The core mission of NWS includes the phrase “enhancement of the national economy”, and I think it is important to note that the market also uses weather data in very important ways when making financial decisions. And maybe yes, market makers and other financial entities should have to pay market rates or substantial tax for access to substantially better data. That being said, “protection of life and property”, should take precedence over all else, and more importantly to me, the data should be open for anyone to examine so we can continue to learn about our world and make discoveries about how it functions.

The current administration and members of the private sector have raised questions about the government stifling profits by providing access to weather data for free and argue consumers would pay for such information. They are not wrong, but they are enshittifying access to weather data, which I feel is a core public service pioneered by the US. Middlemen need to step off the weather business and let it continue to be freely available and furnished by the government.
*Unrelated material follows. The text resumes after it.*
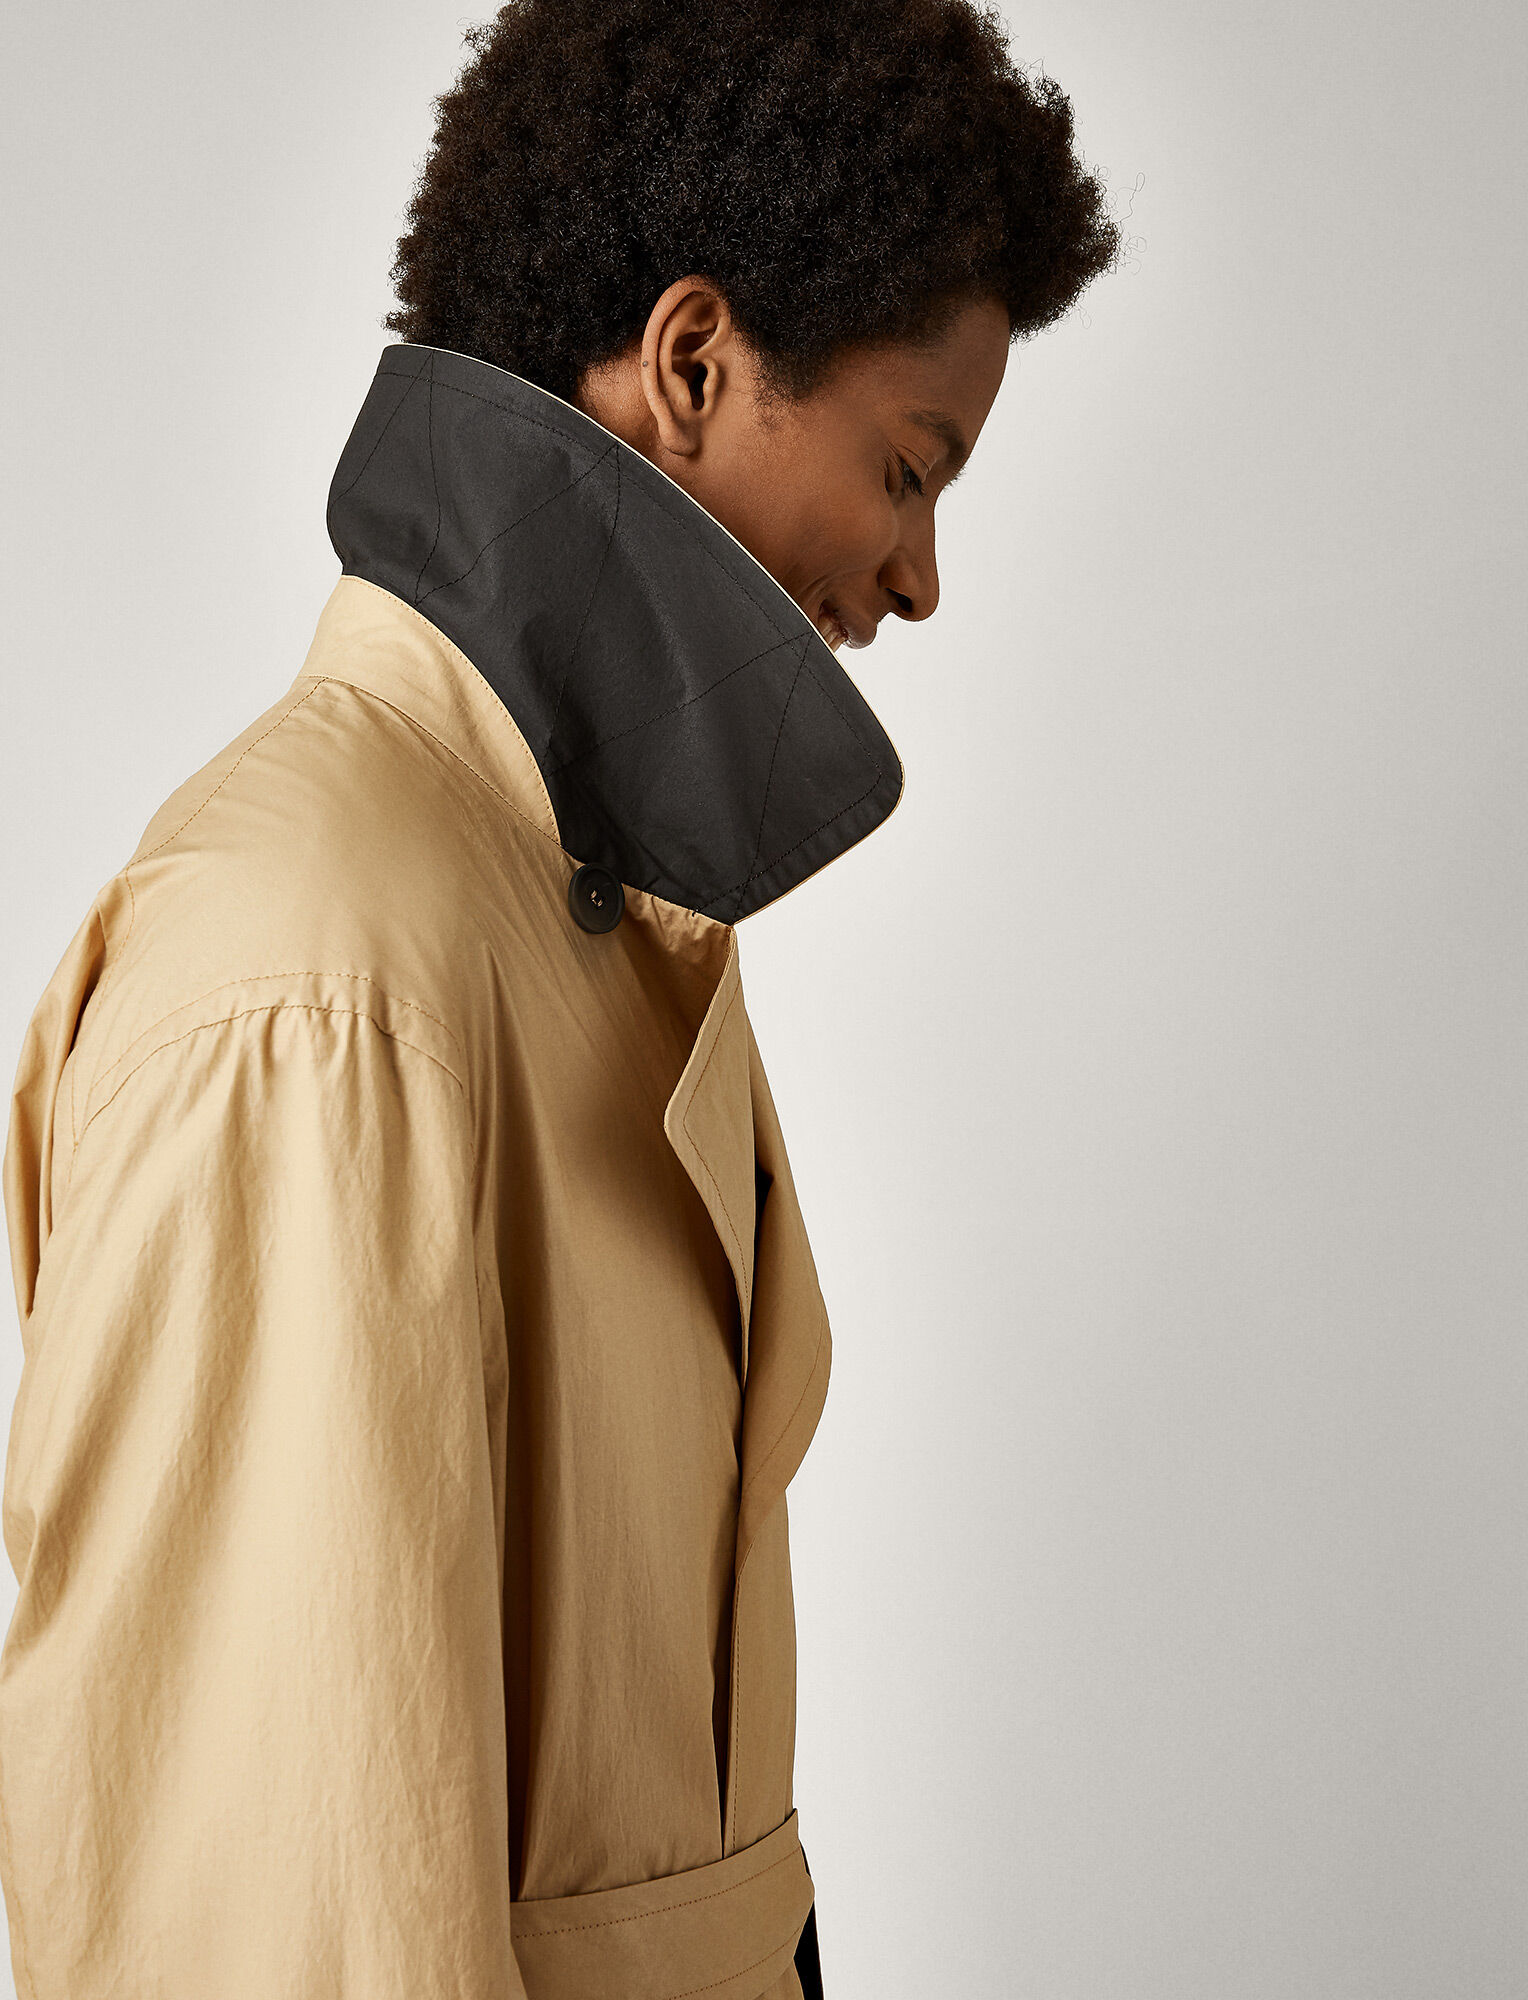 Joseph, Mawes Poplin Coated Coat, in CAMEL COMBO

I like being able to access satellite data by pointing a dish at the sky or downloading radar data from NOAA’s site. I don’t want to have to pay for my weather, and I don’t want to encourage the privatization of access to volunteered data. I also don’t want people who have had generations of expertise in predicting and providing fundamental weather services (122 offices across the US) to be forced into a privatized environment where their “performance” is judged by someone looking to profit off the product of predicting the weather. When it comes to the weather, I trust TWC and private equity much less than the current providers who are relatively low-paid government employees that probably enjoy wrangling weather data.

I believe that NOAA will be targeted for privatization and, as a result, there will be a decline in the accessibility and quality of weather data to the general public, a reduction in local meteorologists to only those working for Allen Media Group (TWC) and AccuWeather, and a rapid increase of exorbitant fees paid to private entities for the operational weather data used by the armed forces.